The report said: ‘Infections in hospital have important implications for infection outcomes (hospitalised patients and some staff are at higher risk), workforce planning (healthcare workers being unable to work during peak pressure periods), and amplification of community transmission (through discharge of infectious patients and transmission to families and other contacts from healthcare workers and patients).’

Data from between April 26 and June 7, the report said, revealed that at least 10 per cent of all Covid-19 infections were in health and care workers.

This period did not include the peak of the crisis, which was at the end of March and the start of April.

But health workers made up a smaller proportion of all cases during that time, the report said, when the virus was more widespread among members of the public.

It estimated that the peak of all in-hospital infections was at the same time as the national peak, but hospitals made up the greatest proportion at the start of May, when it was between 10 and 20 per cent.

Professor Anne Johnson, from University College London, said: ‘Hospital-acquired infections amplify community spread…. There is a revolving door from the hospital to the community and back again,’ the Evening Standard reported.

Health and care workers were likely to catch the virus at work while caring for people with Covid-19, it said, and then to take it home and spread it to their families.

Or on the other hand, they were at risk of spreading it to more people if they caught it outside of work, because they come into contact with so many people.

The report included one case study of a hospital worker in Germany who went into work with a fever and infected 28 colleagues, 13 patients and seven visitors.

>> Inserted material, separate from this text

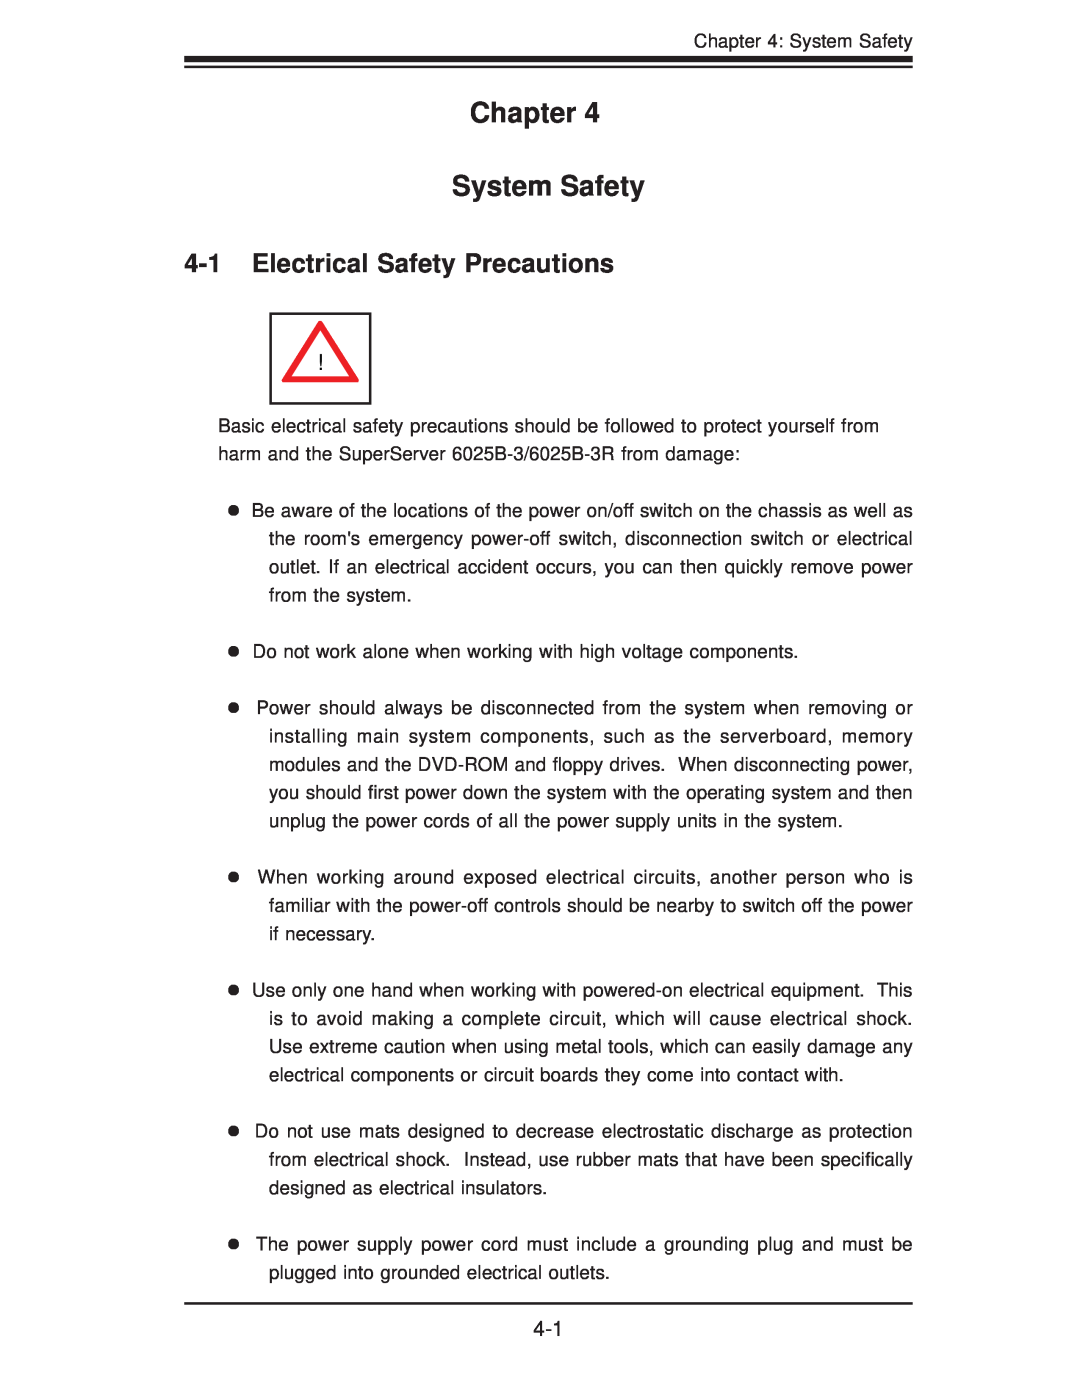 SUPER MICRO Computer 6025B-3R user manual Chapter System Safety, Electrical Safety Precautions

In that case the uncontrolled spread had been blamed on a lack of social distancing and protective equipment (PPE), as well as the infected worker not staying at home.

Data showed that the proportion of cases being accounted for by in-hospital infections peaked in early May, about a month after the peak of deaths in England, which came in early April

Social distancing, PPE and generally sub-standard hygiene practices had caused in-hospital spread around the world, the report said.

It appeared to include Britain but did not single out specific causes in NHS hospitals.

Some of the reasons the virus appeared to spread so quickly in hospitals and care facilities were, the report said, inadequate hand washing, a failure to properly disinfect surfaces, lack of appropriate physical distancing, not separating infected and non-infected patients, and rotating staff through different areas of hospitals.

They also said that more testing and tracing would be needed in future to control the spread of the virus among healthcare workers.

In recommendations for reducing infections in the future the experts recommended widespread, rapid testing for all staff in hospitals, not just doctors and nurses.

They also called for better surveillance and data for hospital-acquired infection, outbreak investigations for when cases did appear, and more research into cost-effective ways of reducing the spread of the disease.

Professor Johnson said: ‘We now better understand the risks of COVID-19 transmission within hospital and care settings although improved data are needed. 

‘As in many countries, outbreaks have occurred and continue to occur, though renewed prevention efforts are now in place. 

‘Now we need to learn from our experience and use our greater understanding of how the pandemic has played out, to ensure we are better prepared to prevent and manage new outbreaks and a potential second wave, protecting everyone.’